=== Supplied information ===
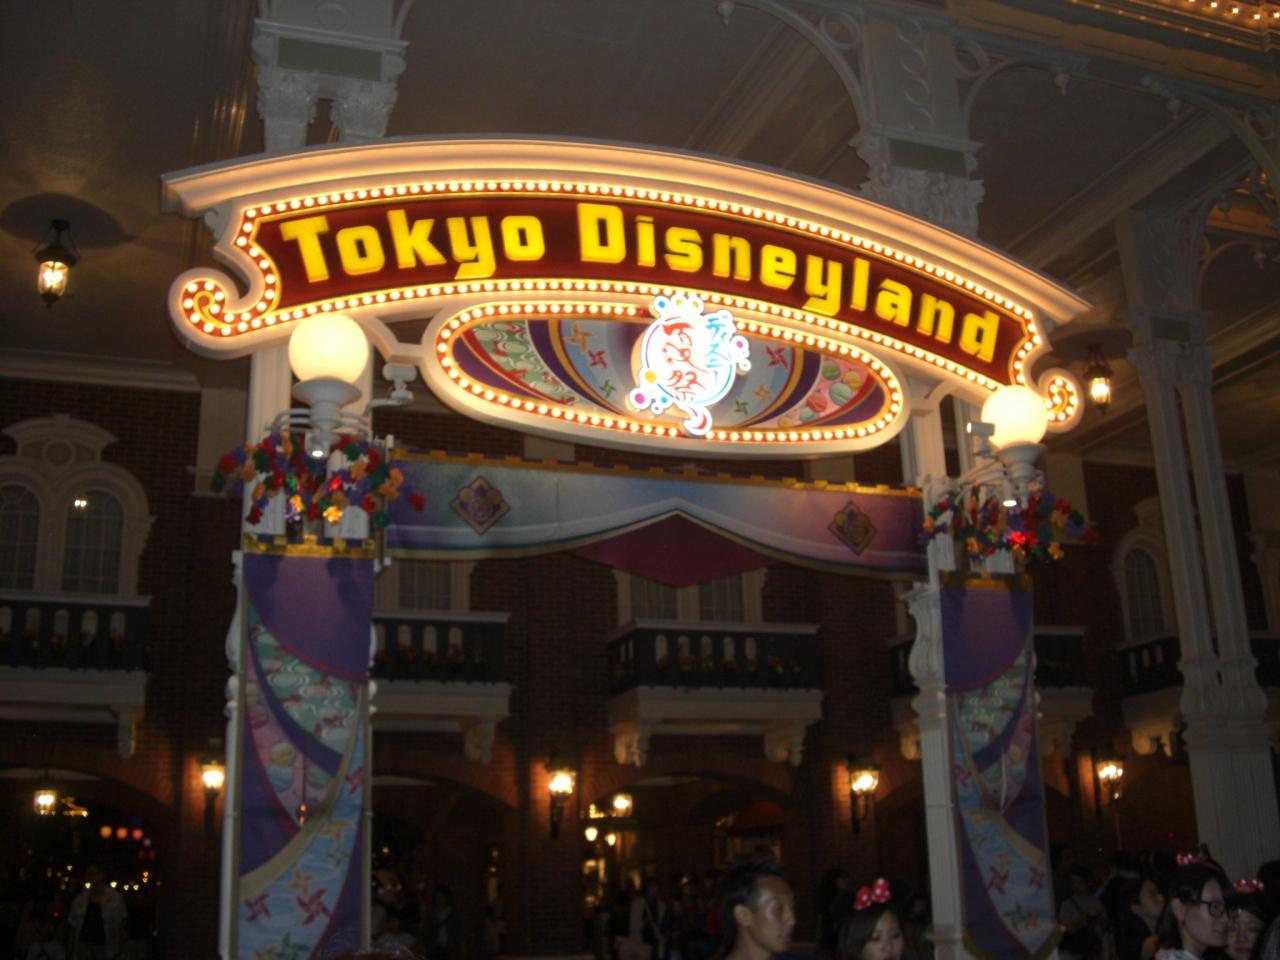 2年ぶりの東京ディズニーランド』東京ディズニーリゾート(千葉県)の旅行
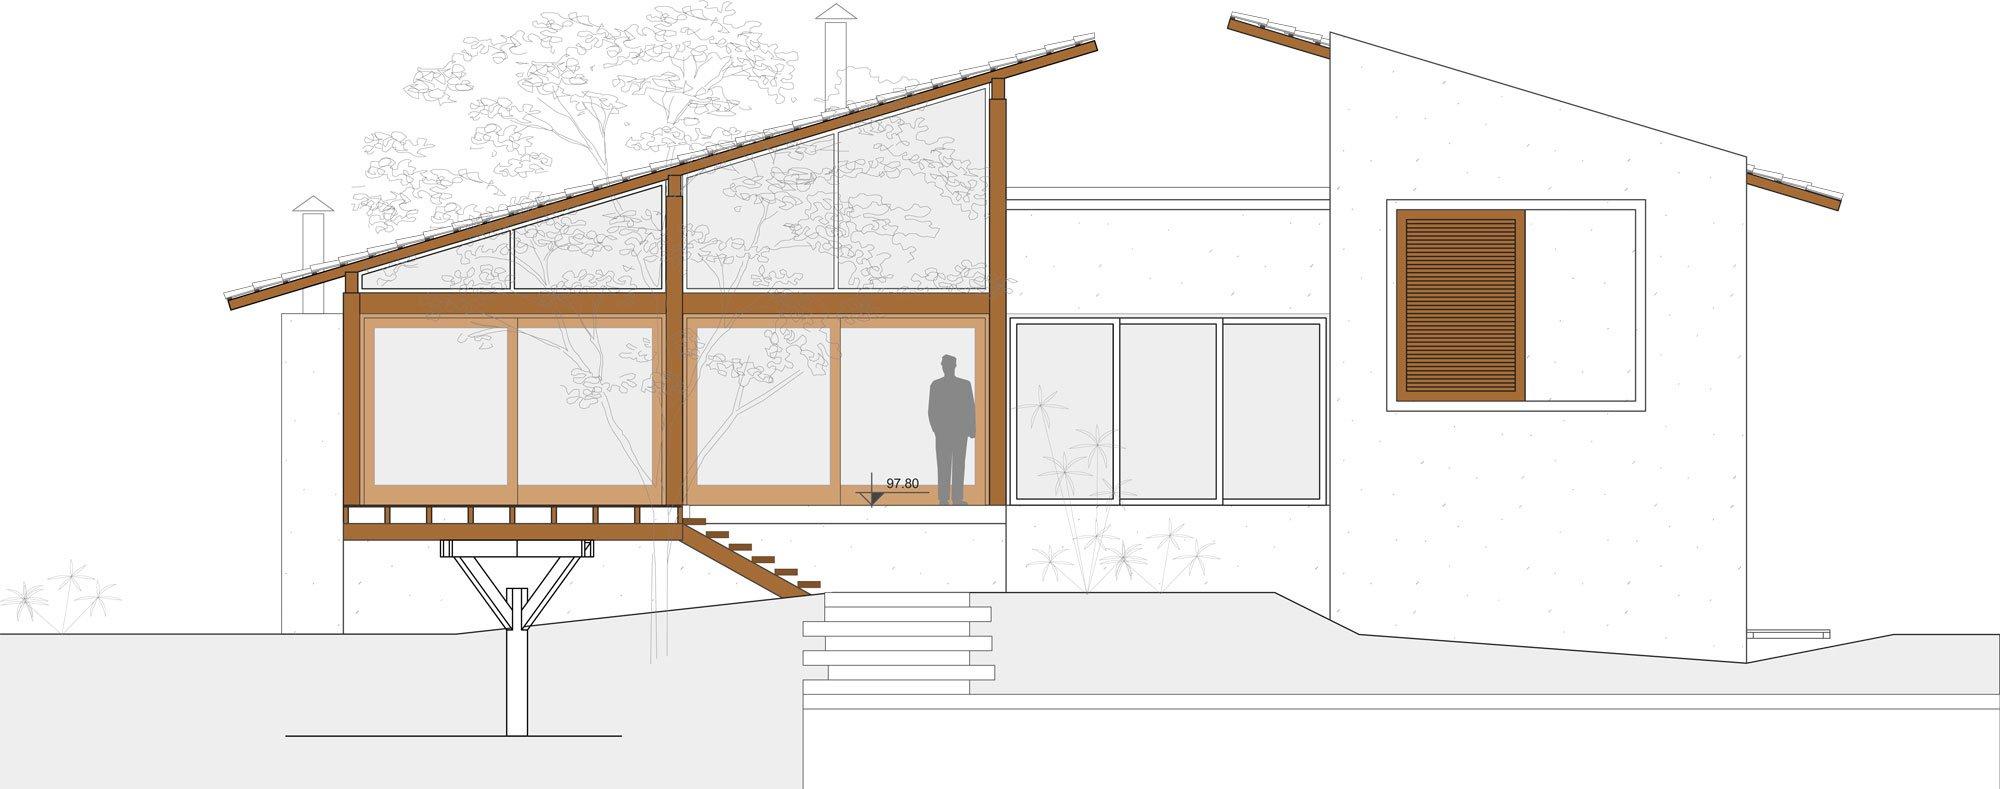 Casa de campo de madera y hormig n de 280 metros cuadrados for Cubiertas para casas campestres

---

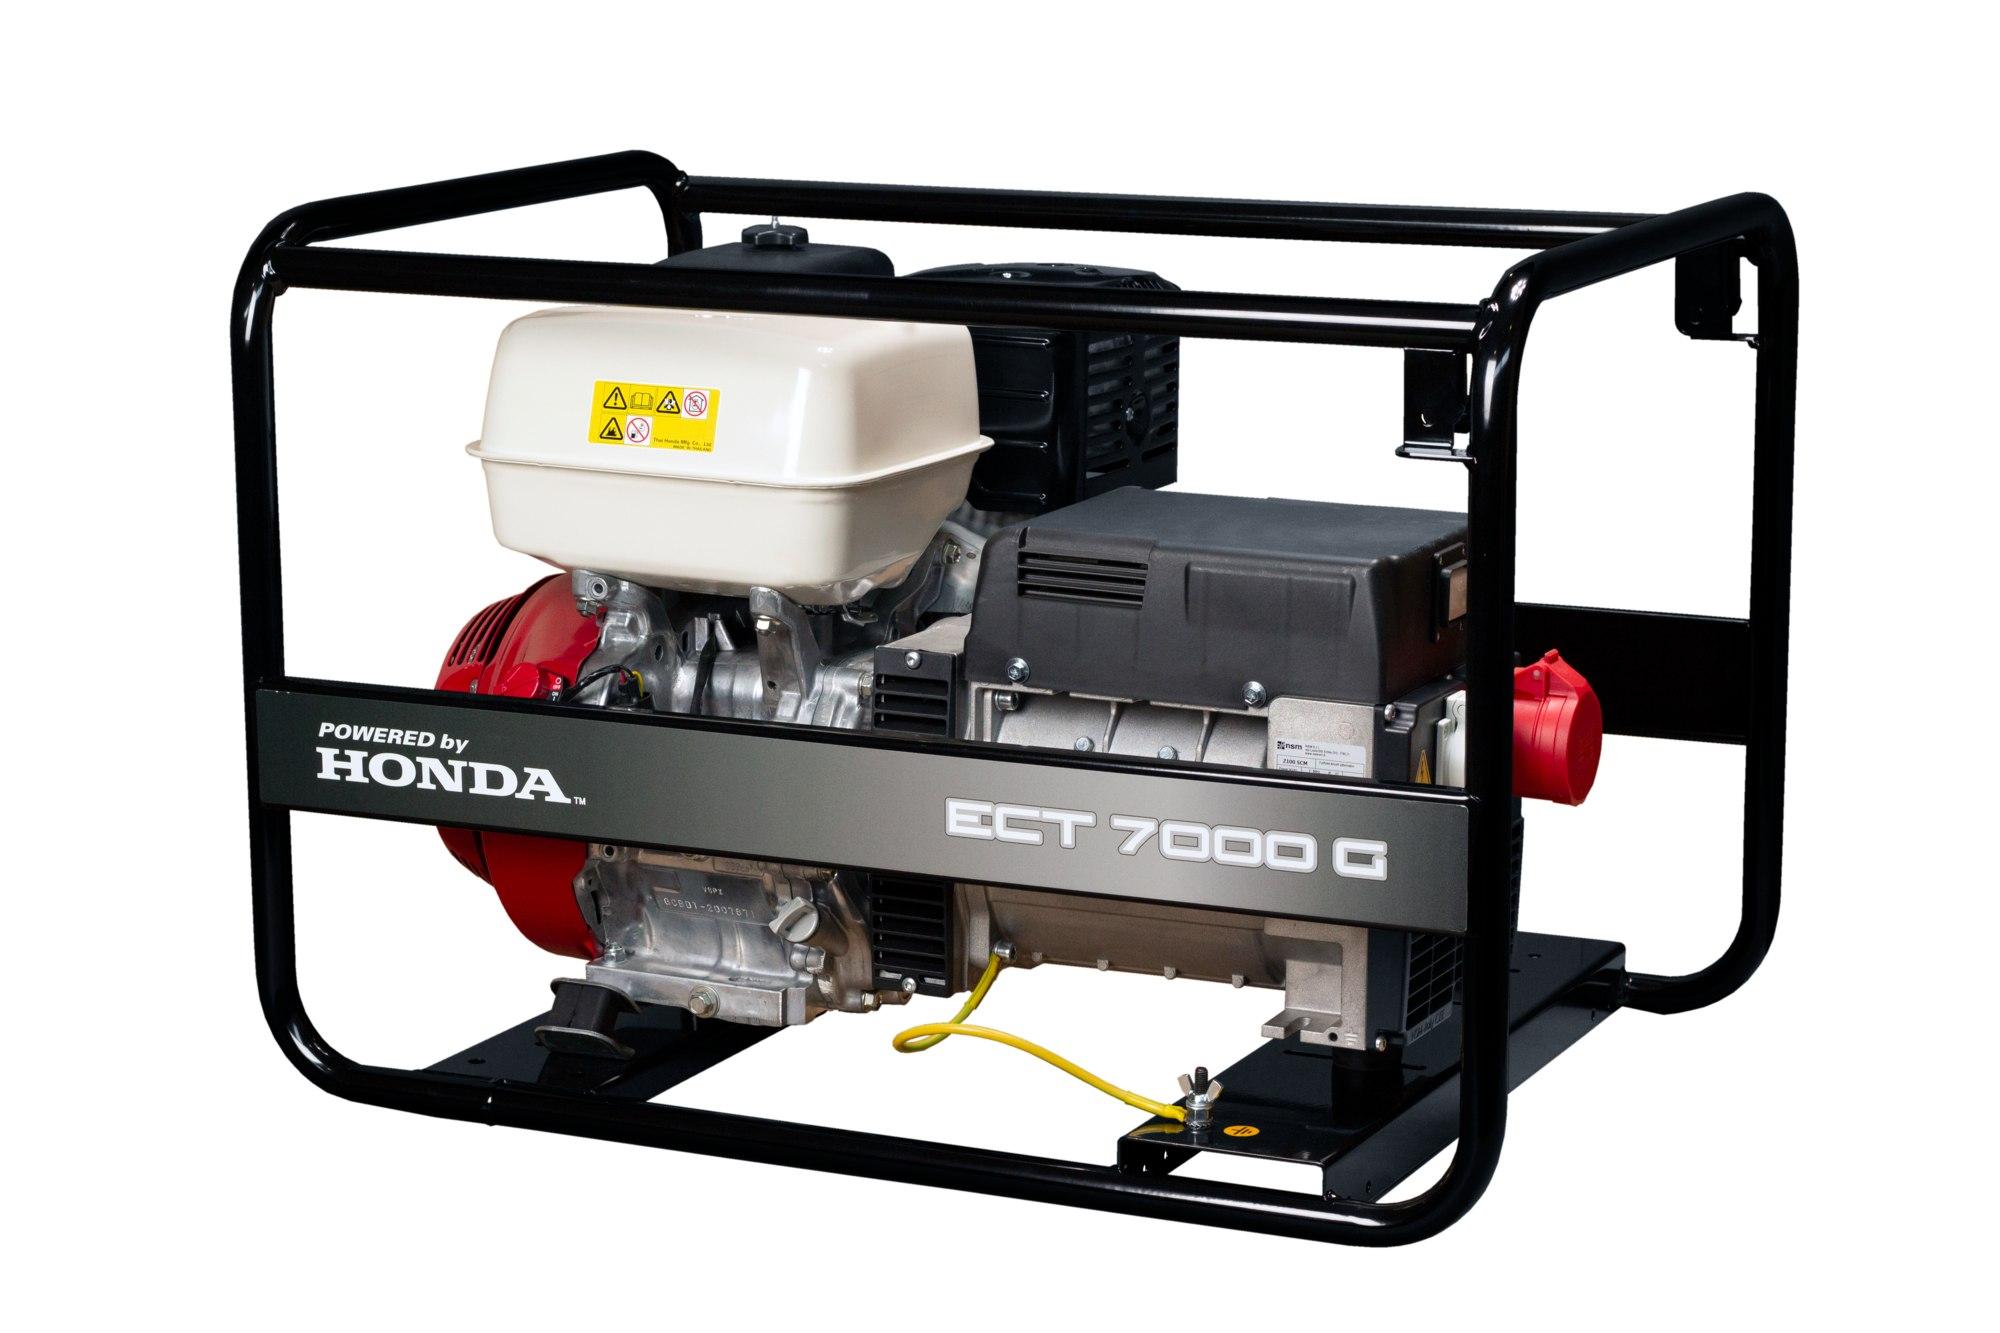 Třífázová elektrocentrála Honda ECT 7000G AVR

==

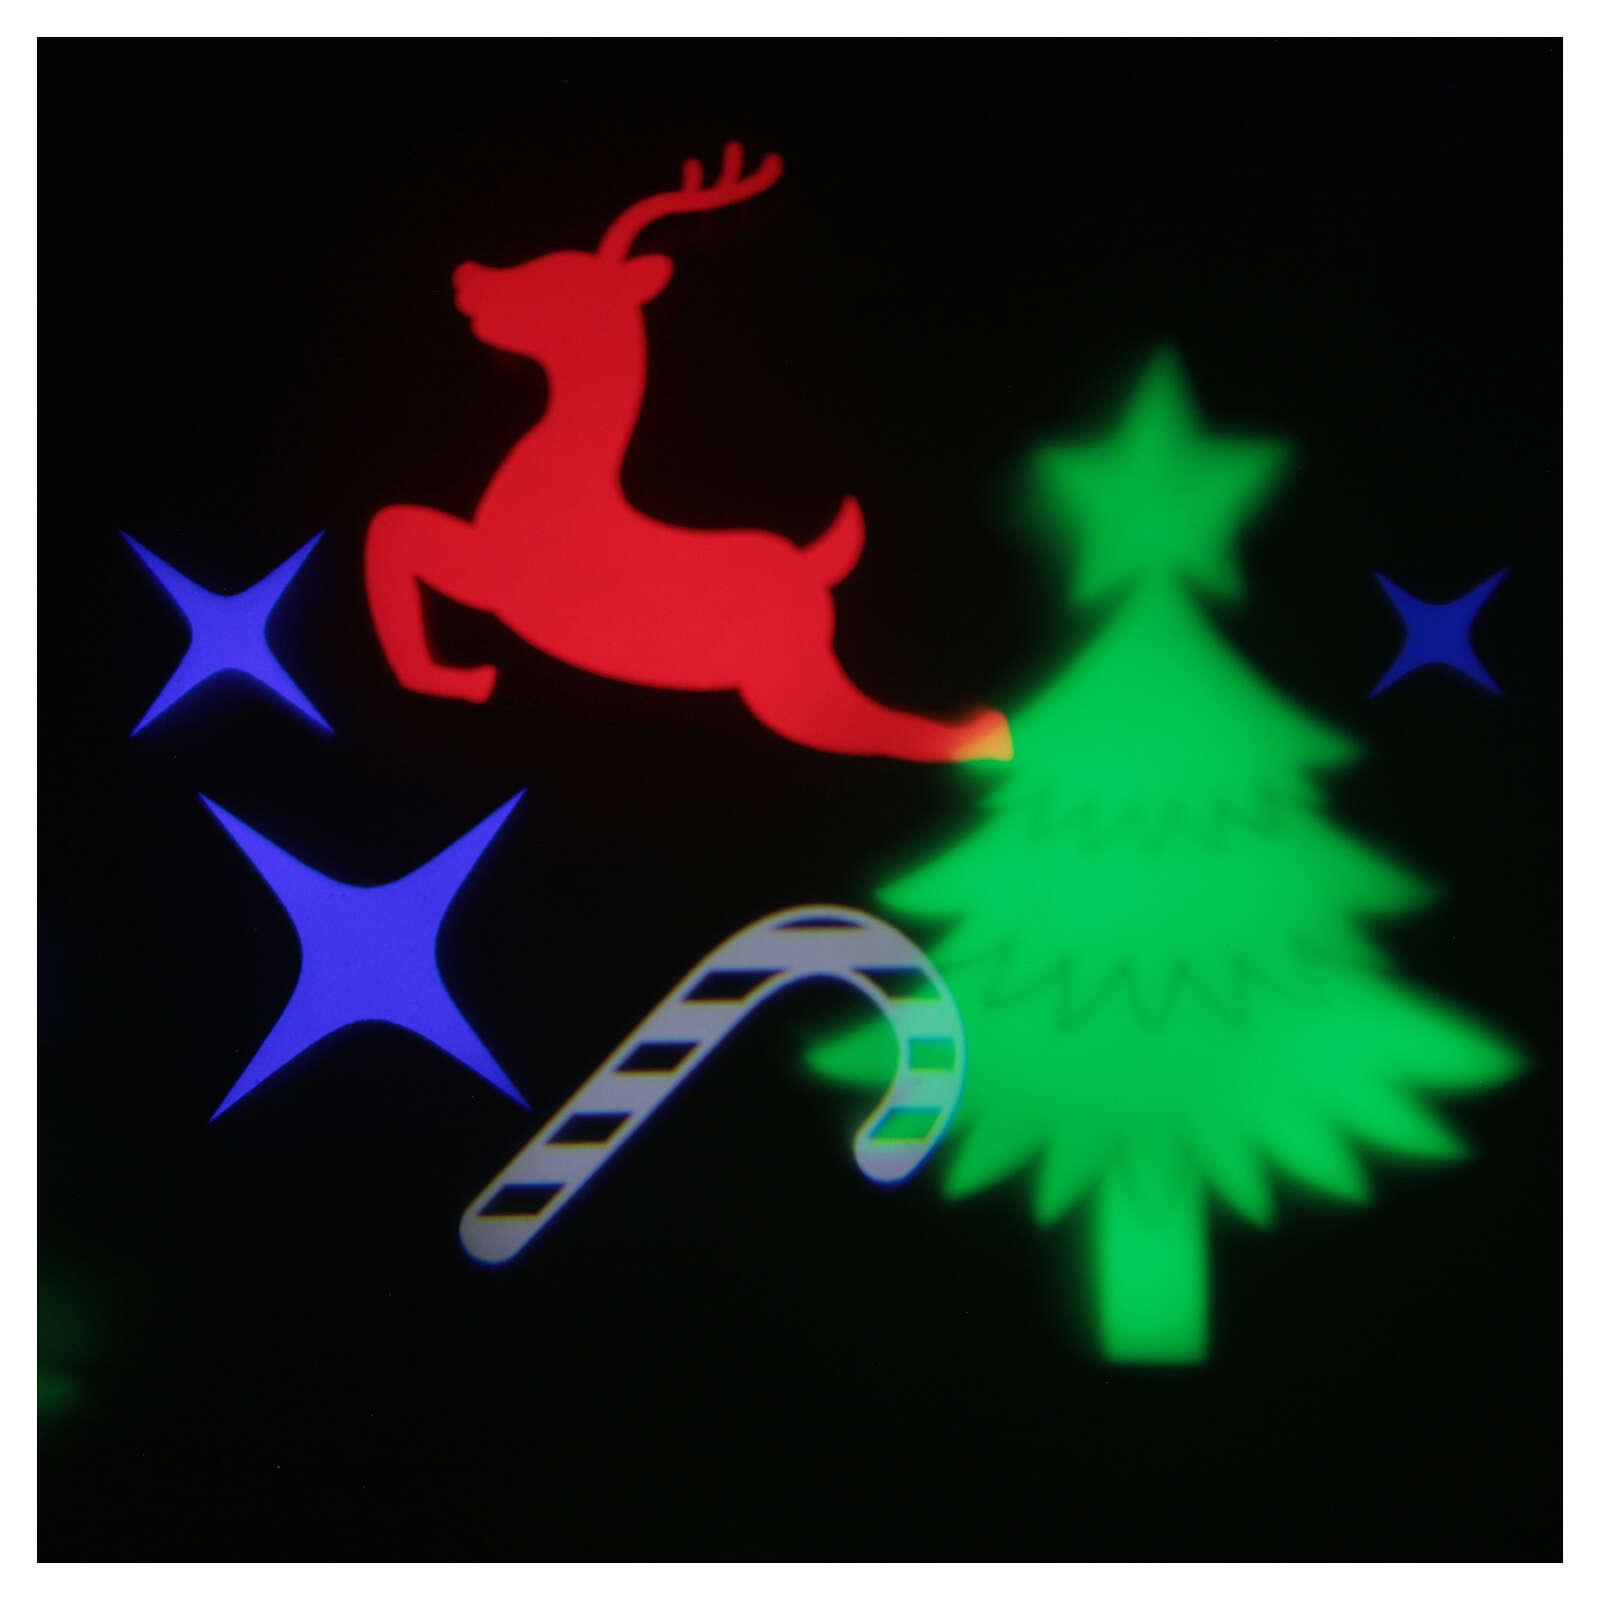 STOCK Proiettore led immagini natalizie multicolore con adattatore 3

=== Your objective ===
Within the listing above, print exactly the stretch beginning at the line that contains "2年ぶりの東京ディズニーランド』東京ディズニーリゾート(千葉県)の旅行" and finishing at the line that contains "Casa de campo", ends kept, pictures left out, and nothing more.

=== Exercise solution ===
 2年ぶりの東京ディズニーランド』東京ディズニーリゾート(千葉県)の旅行
 Casa de campo de madera y hormig n de 280 metros cuadrados for Cubiertas para casas campestres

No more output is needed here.